Noah’s account in this second episode is fairly straightforward. He says he thinks Alison is “bad news”, but he’s clearly got her on his mind. He sees her at a little farmer’s market and approaches her, she gives him a bit of a cold shoulder, and then they meet up again by chance at a party. I understand that Montauk is a small town, but Noah and Alison run into each other more than I run into the people who live next door. Anyway, Noah’s account also contains the first explicit instance of lying to the detective when we see him return to the party after “leaving” and kissing Alison. It’s probably safe to assume that the lies go well beyond that.
Meanwhile, Alison’s own account paints her as an even more sympathetic character dealing with the agonizing loss of her infant son. This pitiful portrait, of course, could also be a complete farce constructed by Future Alison, which would mean she’s basically the opposite of sympathetic. If so, it’s laid on thick. She’s asked a question about her sex life when she was young, and she balks and says “all I did at school was study.” Riiight.
One of the only instances of overlap between the two accounts is the line “what if marriage means different things to different people?”, along with the settings and the major events (party, beach). It will be interesting to see how different the two accounts become, to see if they peel off from one another and paint different pictures for the inquisitive detective. Noah and Alison are tough to figure out in these first two episodes — they each describe each other as a predator of sorts, while their own narrative descriptions of themselves are smiling and innocent. Our task, then, is the same as the task of the detective: to sort their lies from their truths, to figure these people out.

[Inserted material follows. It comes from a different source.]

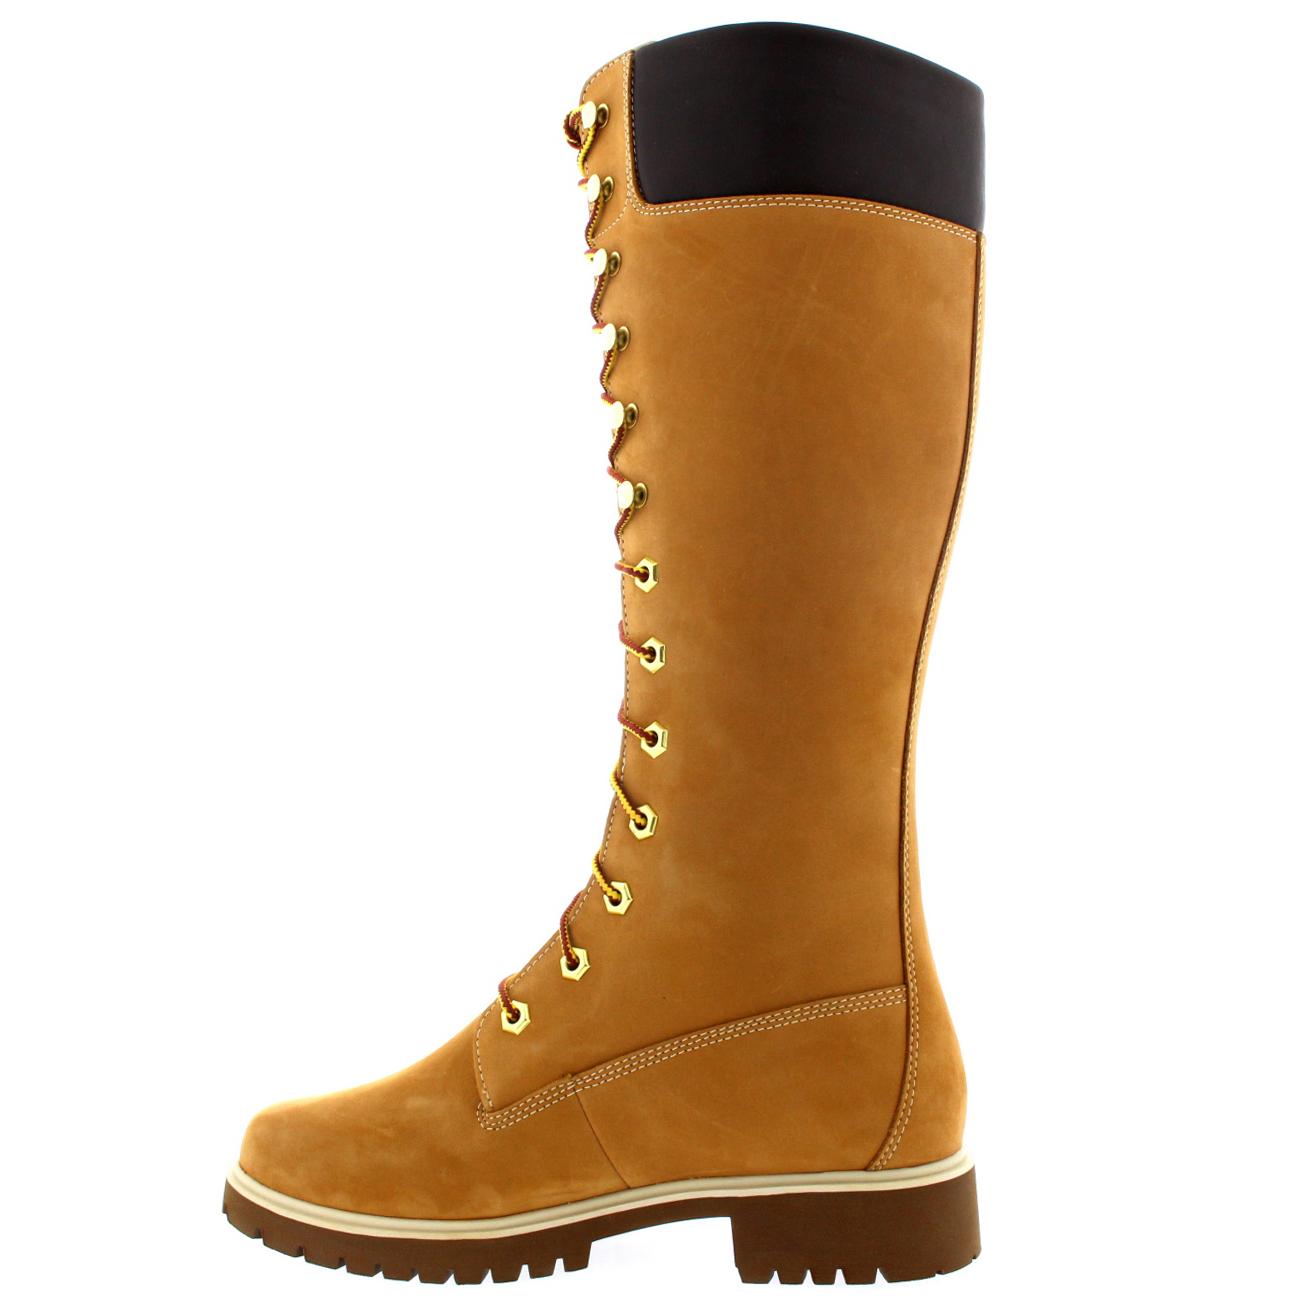 Womens-Timberland-Premium-14-034-Waterproof-Earth-Keeper-Knee-High-Boots-UK-3-9
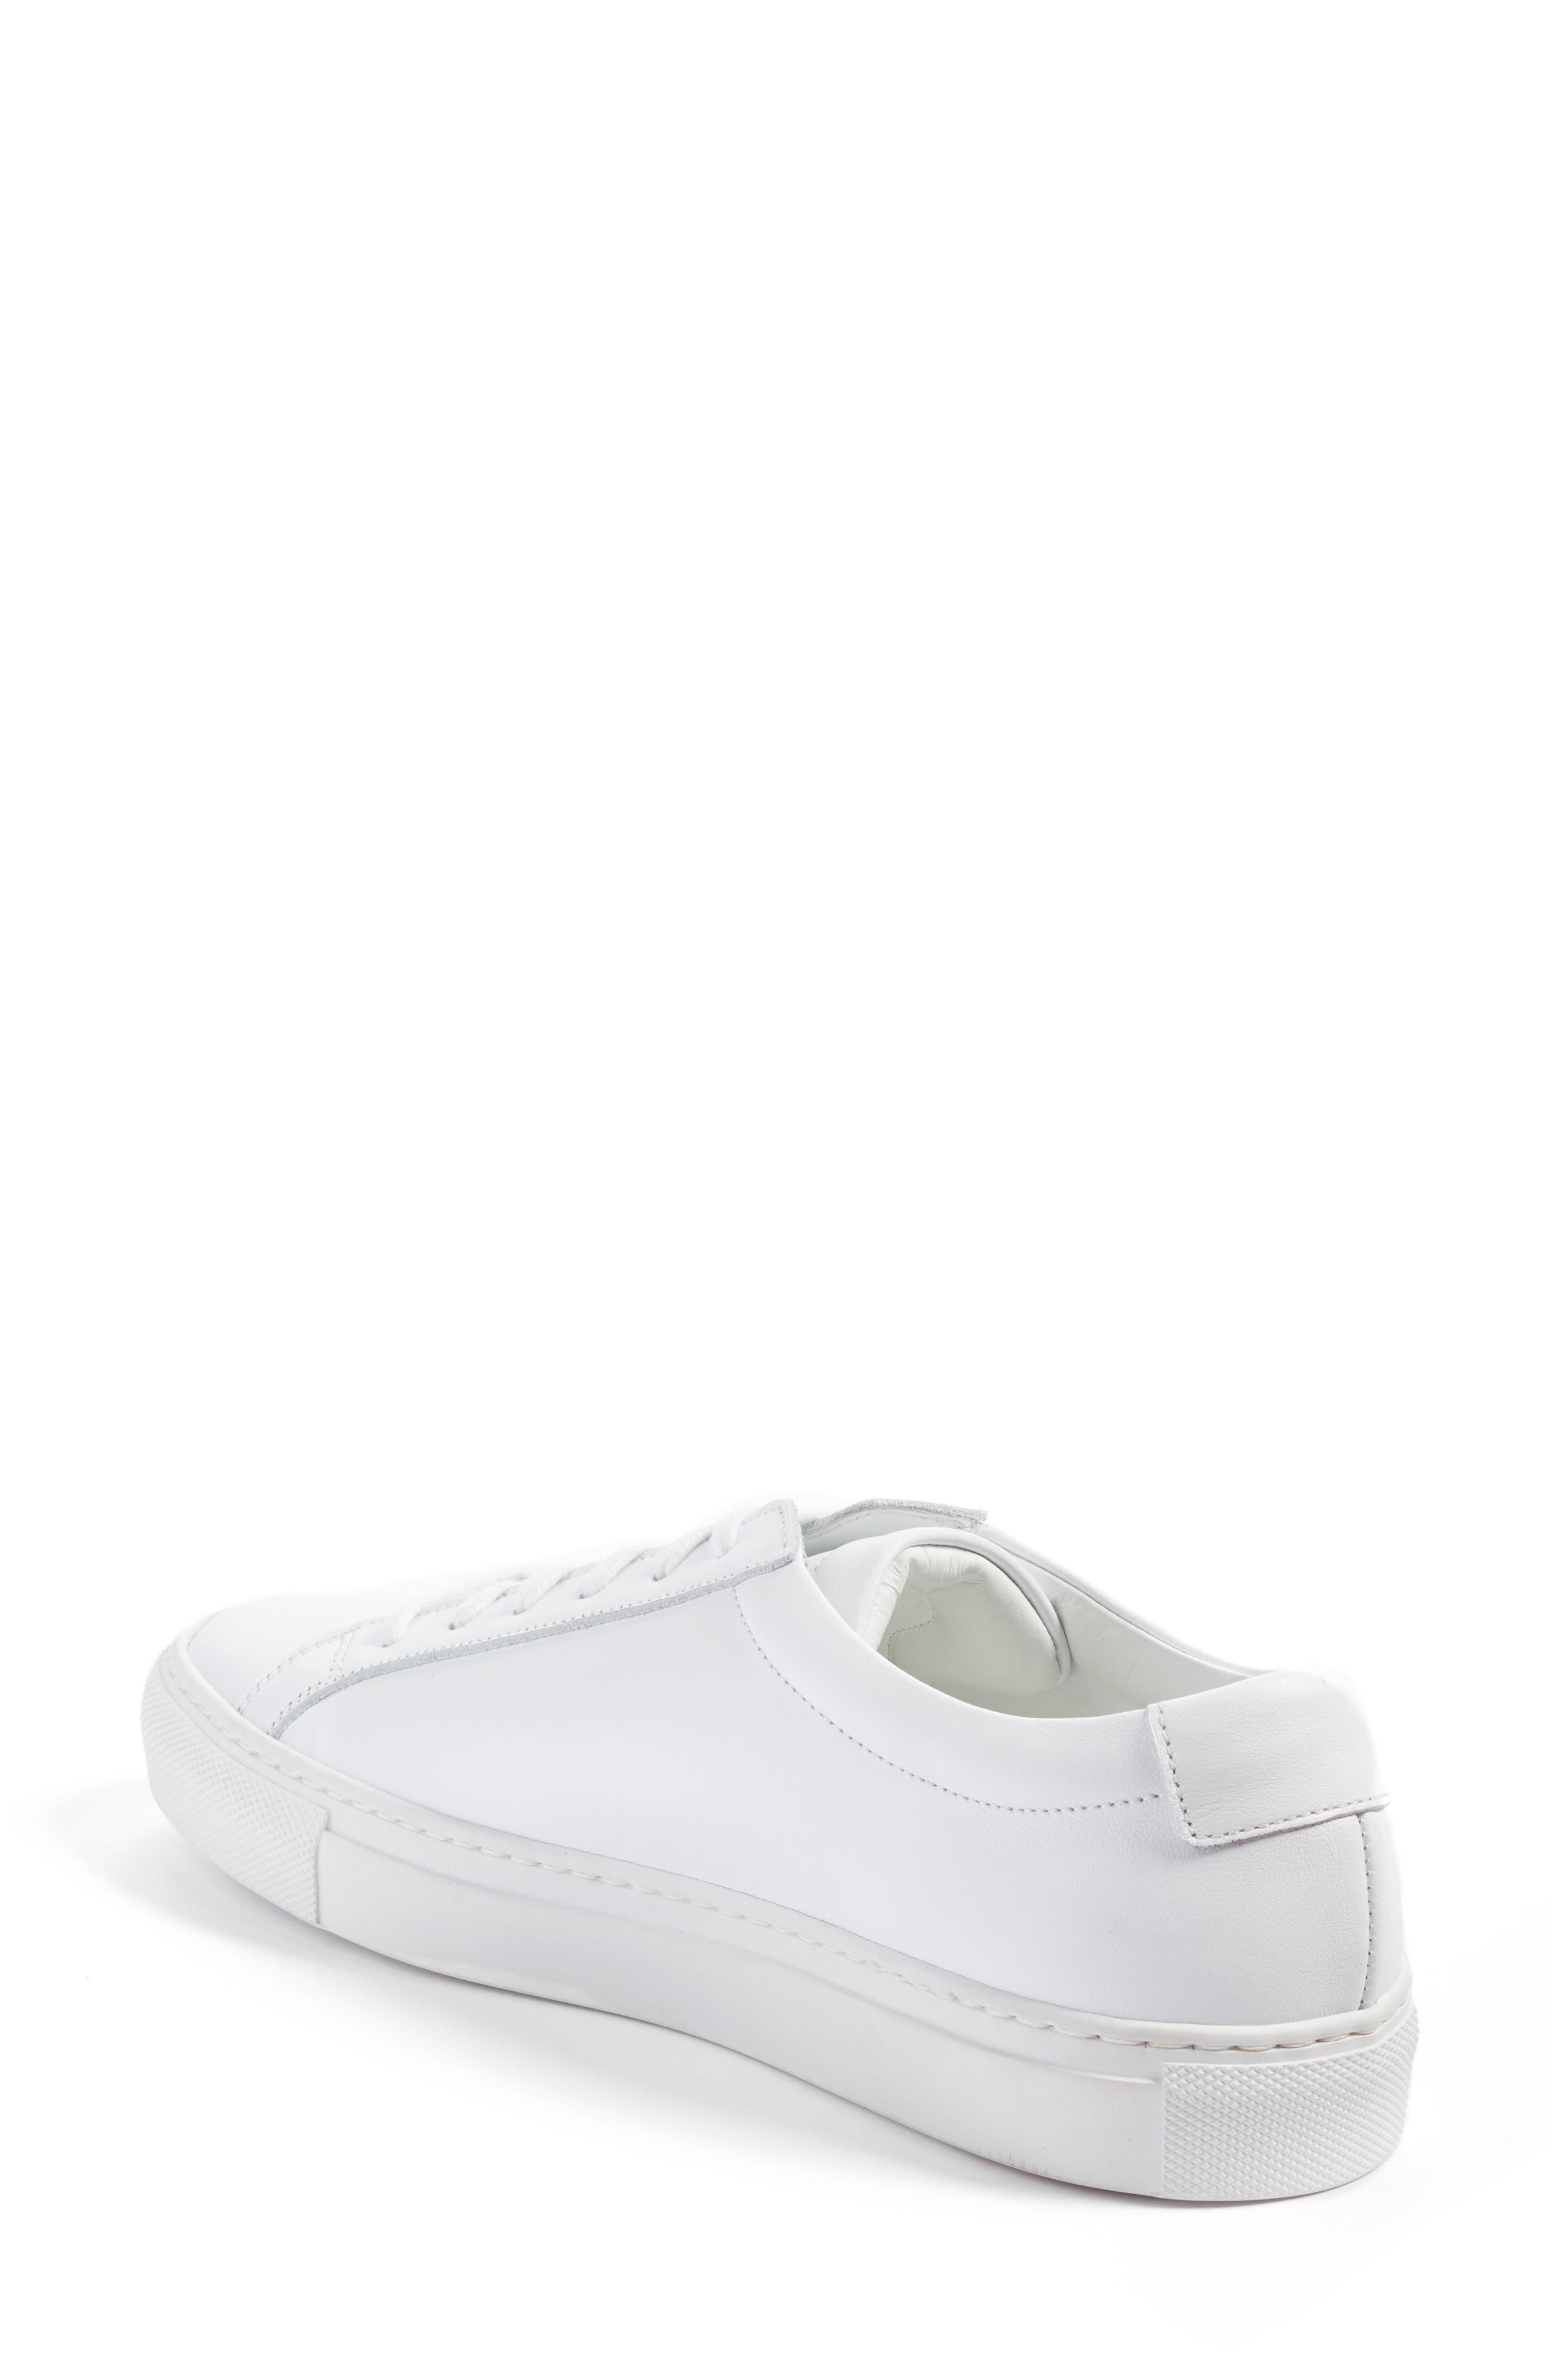 COMMON PROJECTS, Original Achilles Sneaker, Alternate thumbnail 2, color, WHITE LEATHER

Tough as it may become to keep track of these personalities, you have to marvel at how tough it must be to portray such malleable characters. Both Dominic West and Ruth Wilson have to be seedy and aggressive and borderline menacing in one version and then turn around to be timid and innocent in the other, and they both nail it. Inside their own accounts Noah and Alison are introverted, lonely individuals that see other people in a single chummy mass of enviable and unattainable happiness. Beyond the question of whether we believe one account or the other or trust Noah or Alison in their reciting of the entire affair, the show has already demonstrated in a very subtle way how often a person can seem to be someone they’re really not.